• Entries shown:
════
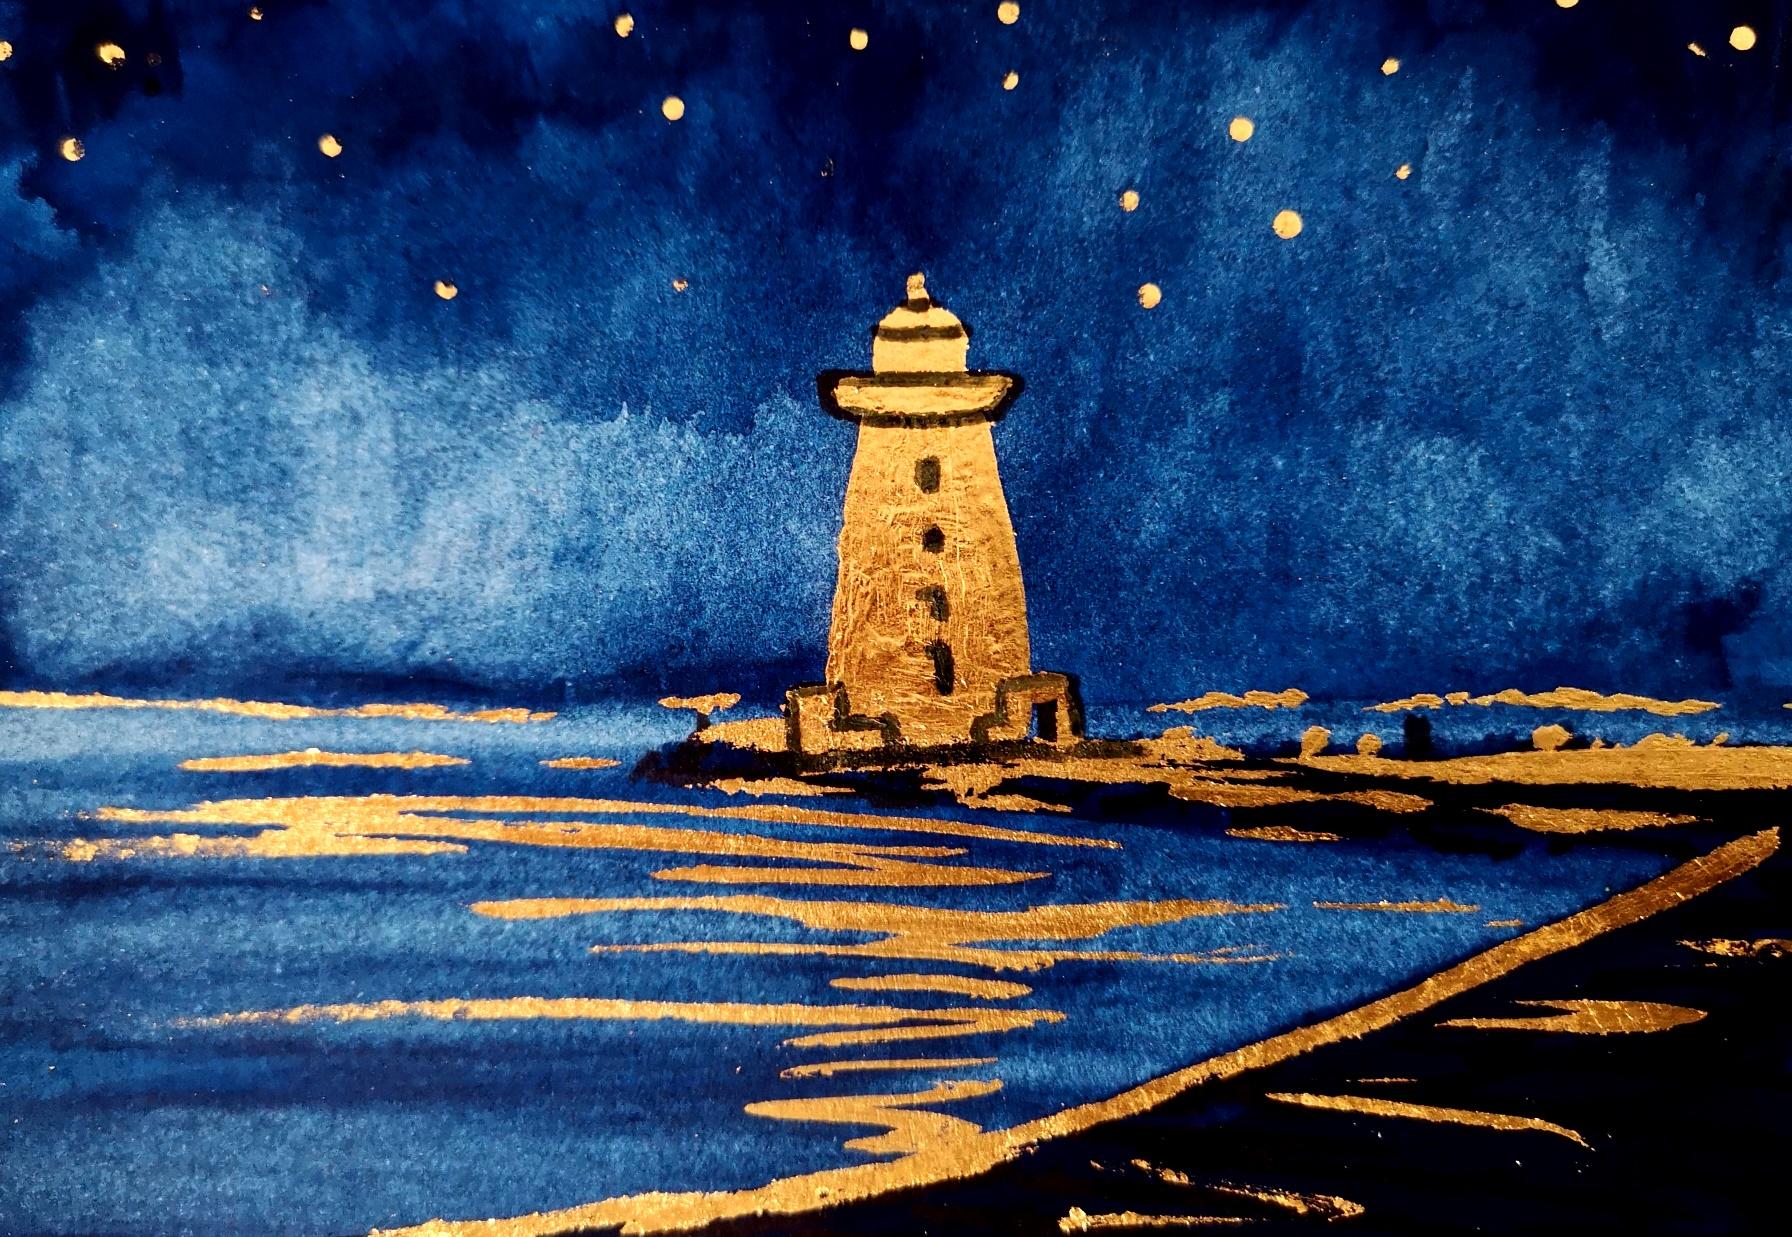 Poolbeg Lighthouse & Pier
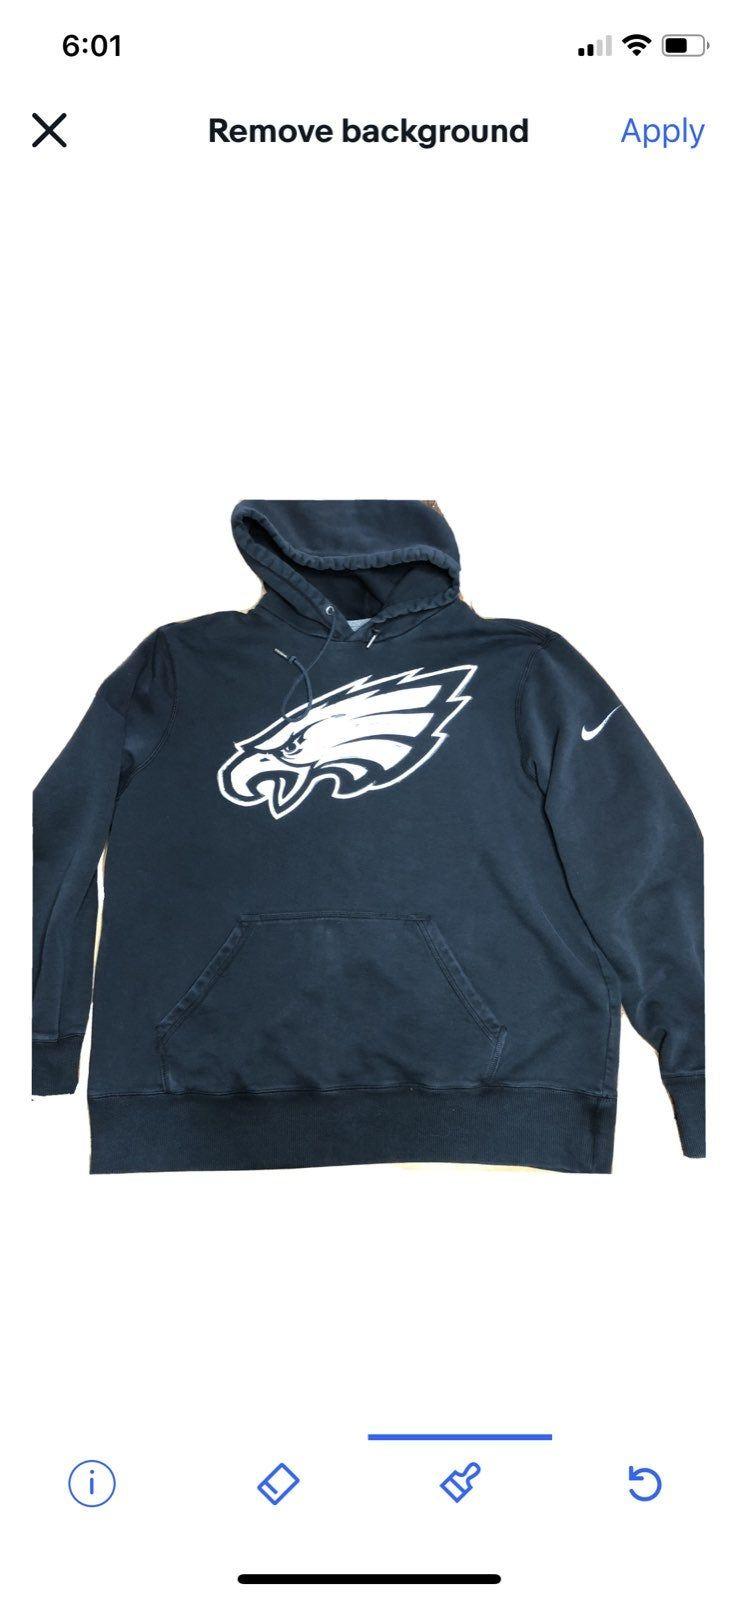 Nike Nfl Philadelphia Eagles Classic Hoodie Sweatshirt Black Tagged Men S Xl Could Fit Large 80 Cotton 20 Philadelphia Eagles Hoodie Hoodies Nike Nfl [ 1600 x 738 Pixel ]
════
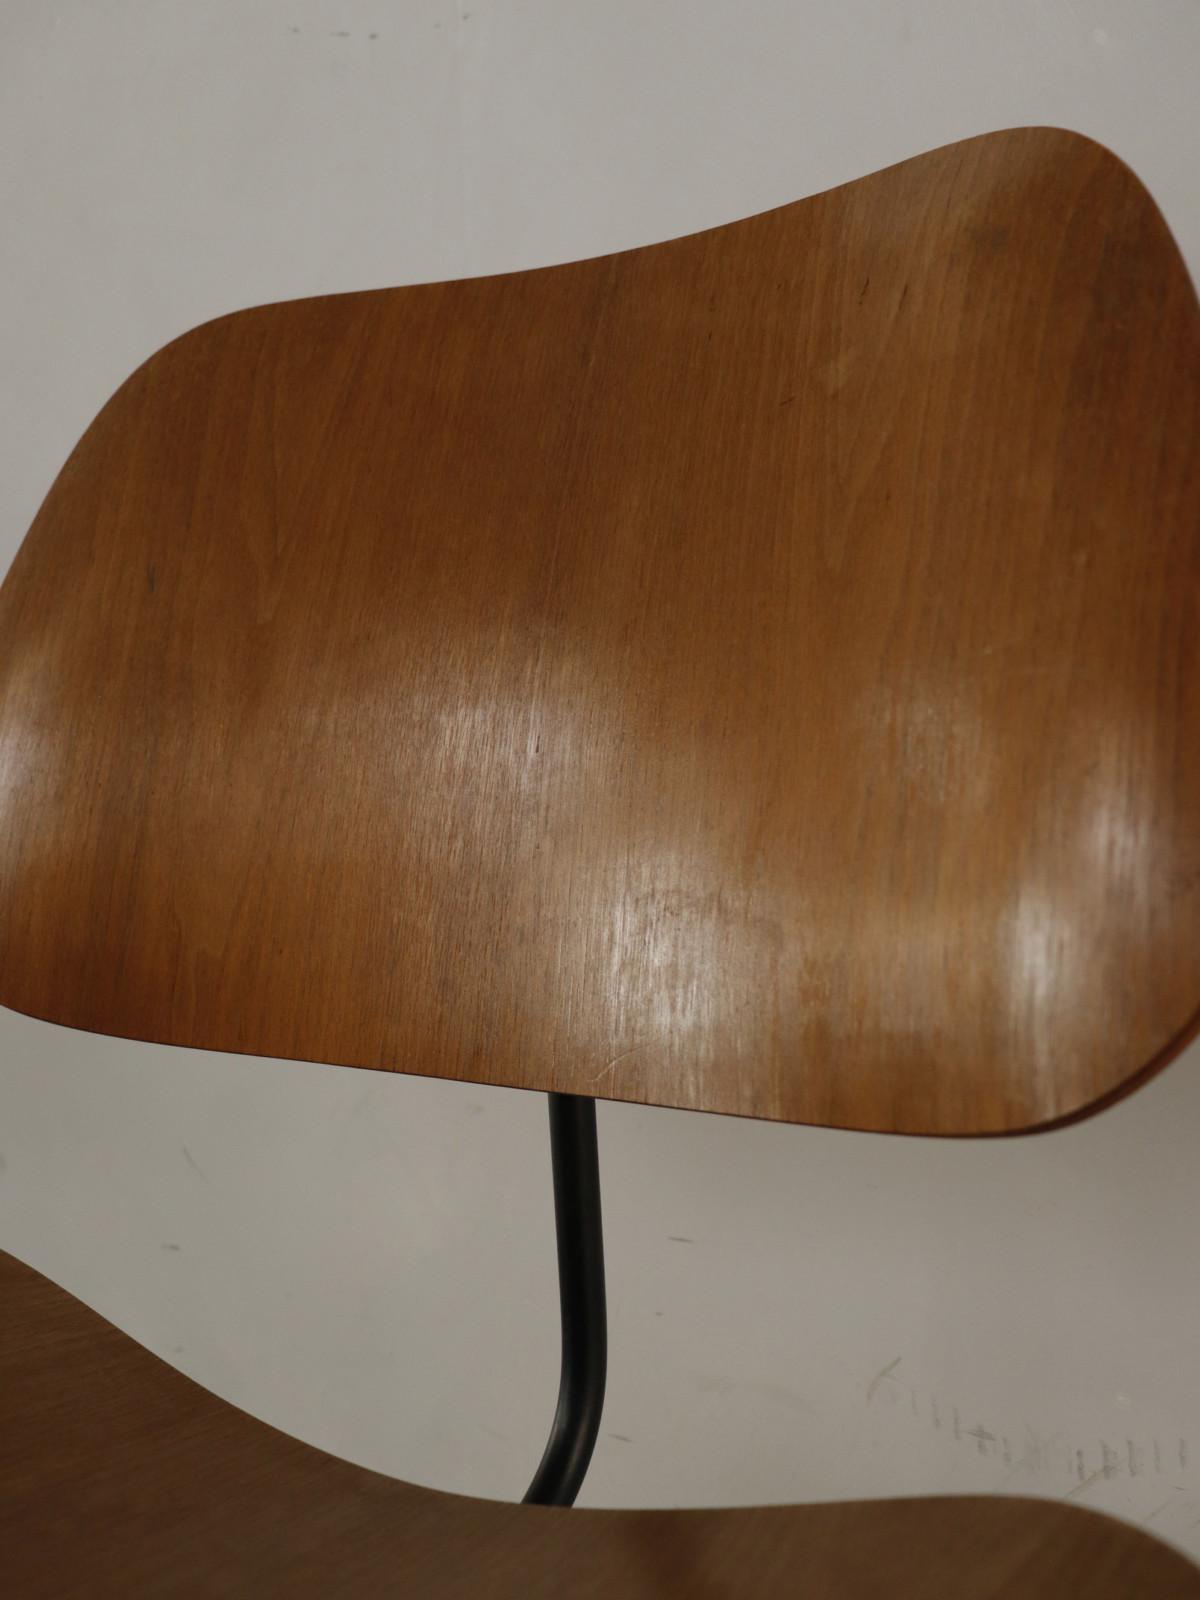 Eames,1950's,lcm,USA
════
• Directions:
Would you transcribe the lines above exactly, going from the line bearing "Poolbeg Lighthouse & Pier" through the line bearing "Nike Nfl Philadelphia", and drop the pictures from the copy?

• Solved problem:
 Poolbeg Lighthouse & Pier
 Nike Nfl Philadelphia Eagles Classic Hoodie Sweatshirt Black Tagged Men S Xl Could Fit Large 80 Cotton 20 Philadelphia Eagles Hoodie Hoodies Nike Nfl [ 1600 x 738 Pixel ]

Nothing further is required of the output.